§ **Problem statement**:
Please write out exactly the line containing "Пуловер Hugo Boss, цена" below and every line after it, through the last one, but leave out any pictures.

§ **Supplied information**:
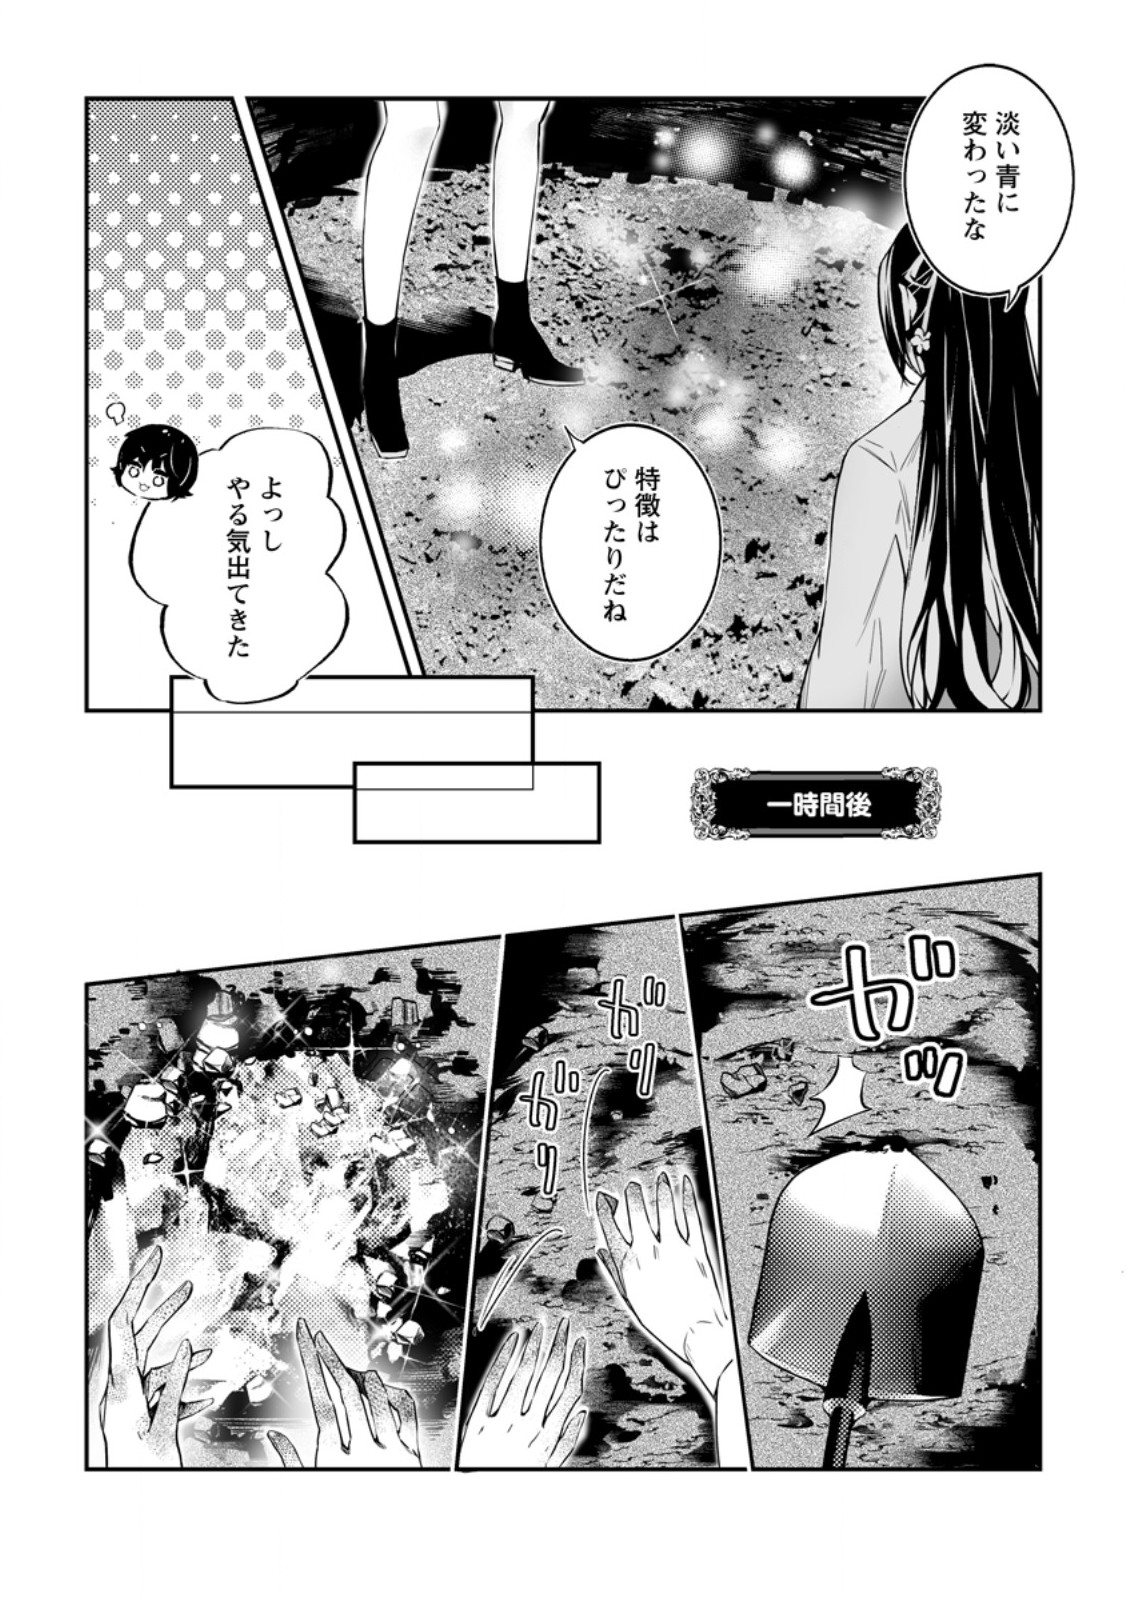 Hakui no Eiyuu - Chapter 35.3 - Page 1
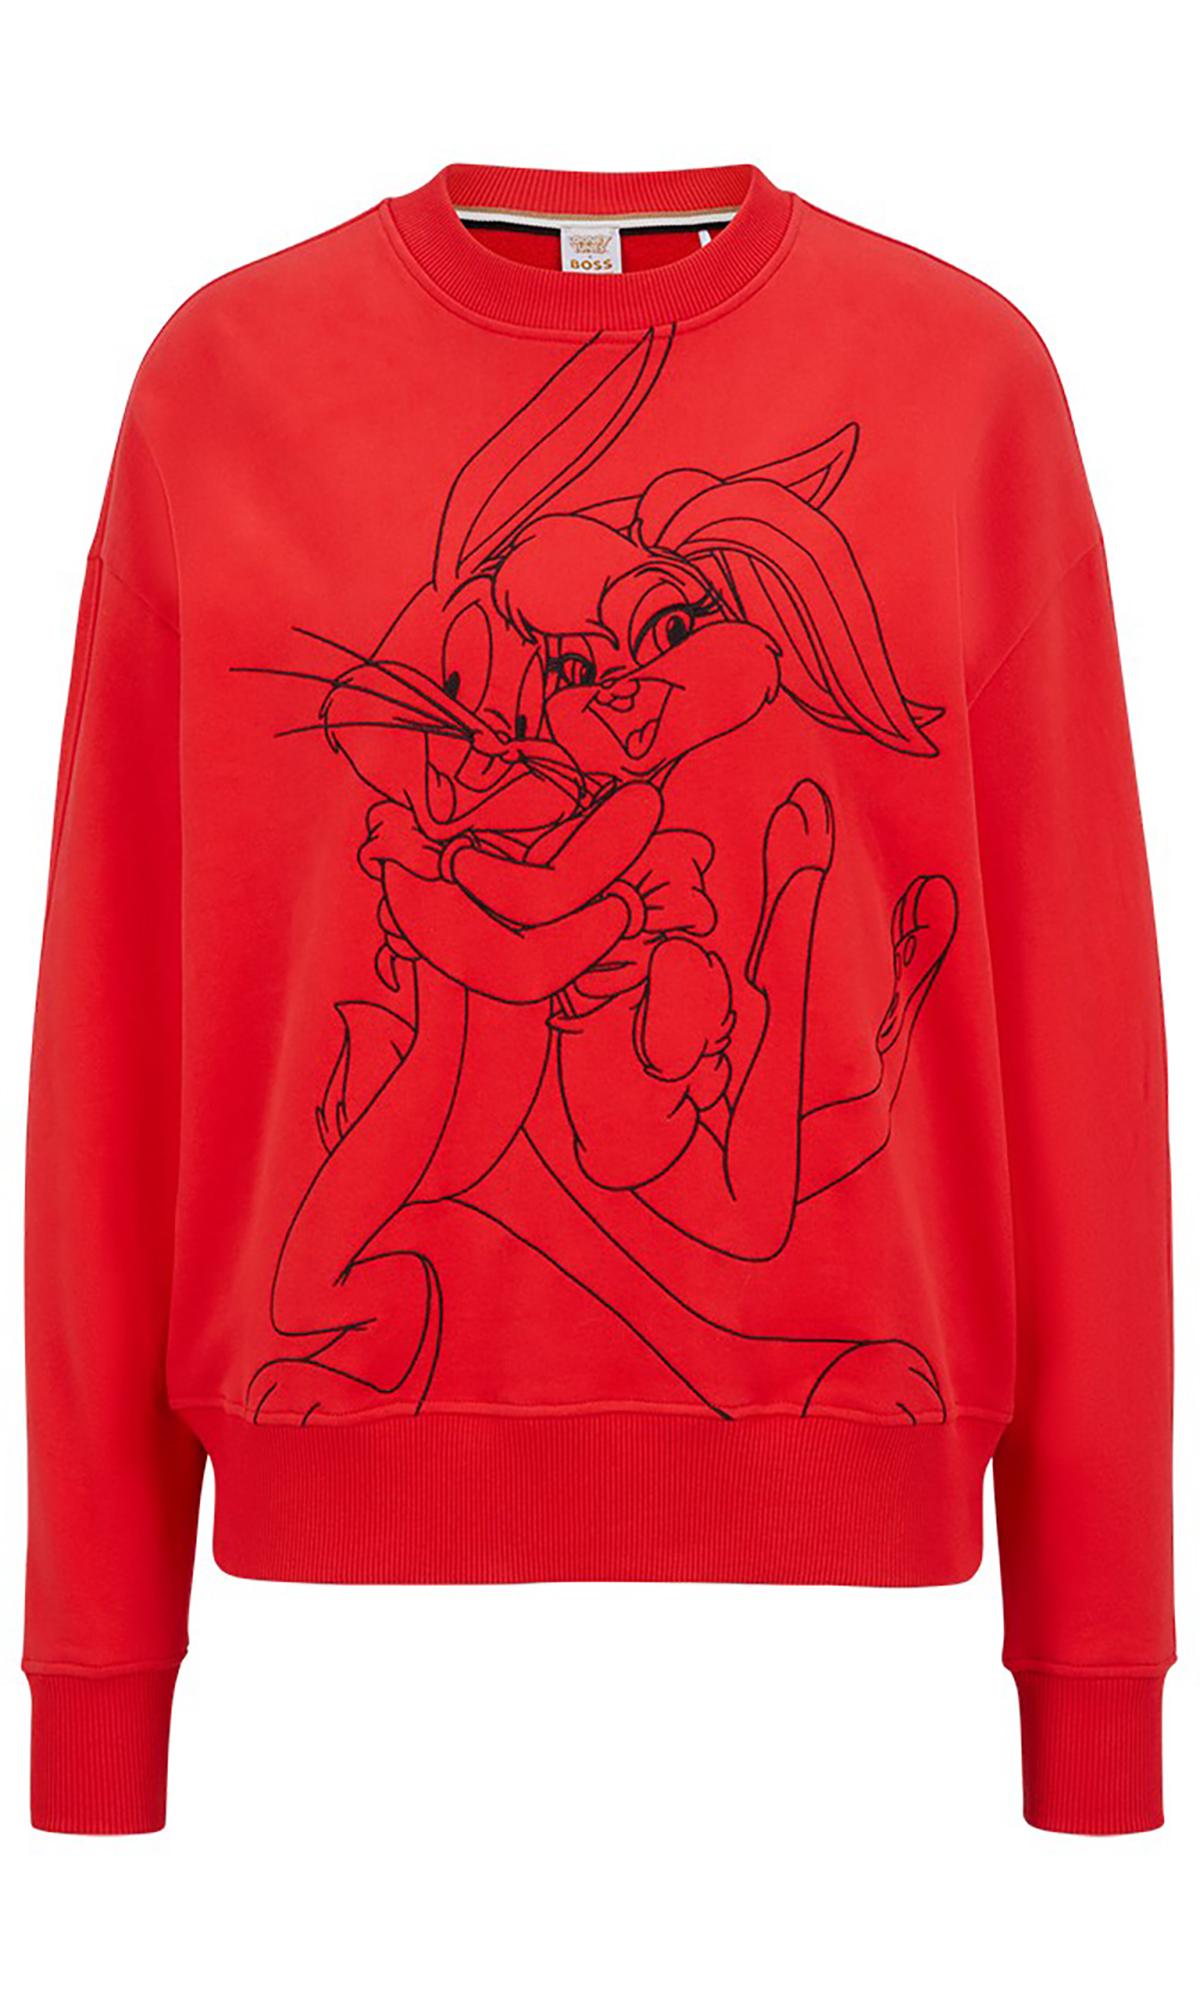 Пуловер Hugo Boss, цена по запросу, (fashionstore.ru)
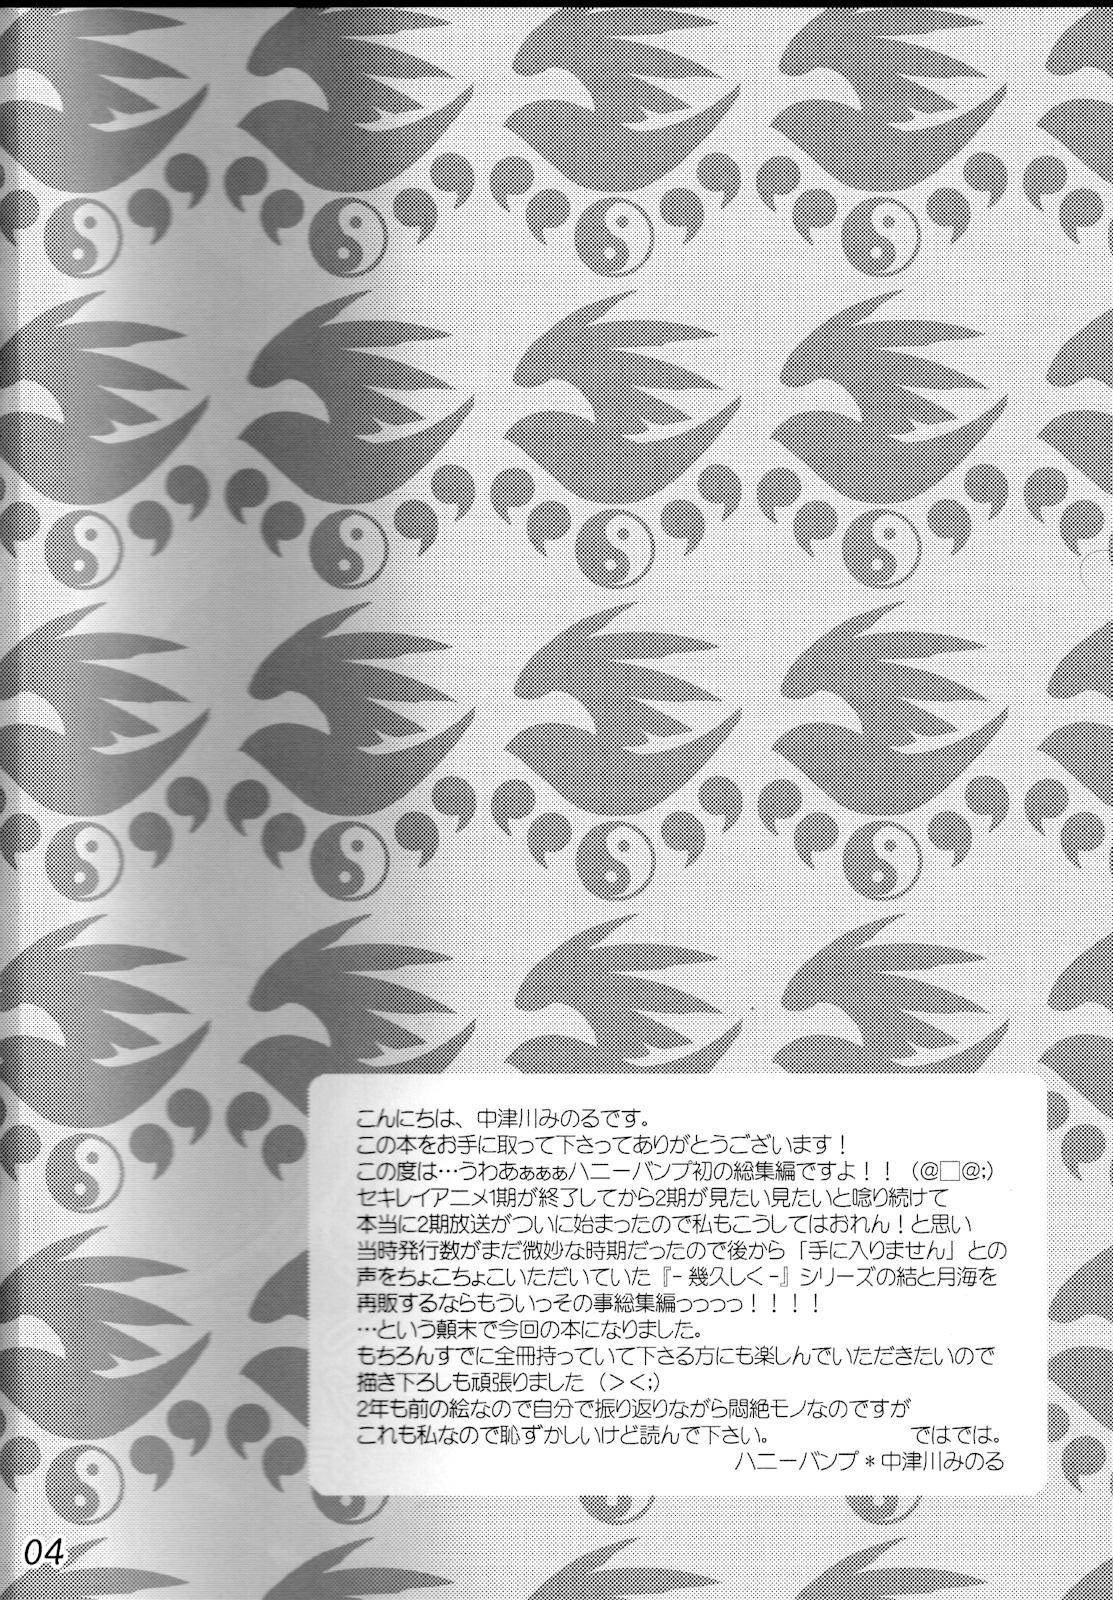 Ikuhisashiku - Honey Bump Sekirei Compilation Book 2

§ **Answer to the problem**:
 Пуловер Hugo Boss, цена по запросу, (fashionstore.ru)
 Ikuhisashiku - Honey Bump Sekirei Compilation Book 2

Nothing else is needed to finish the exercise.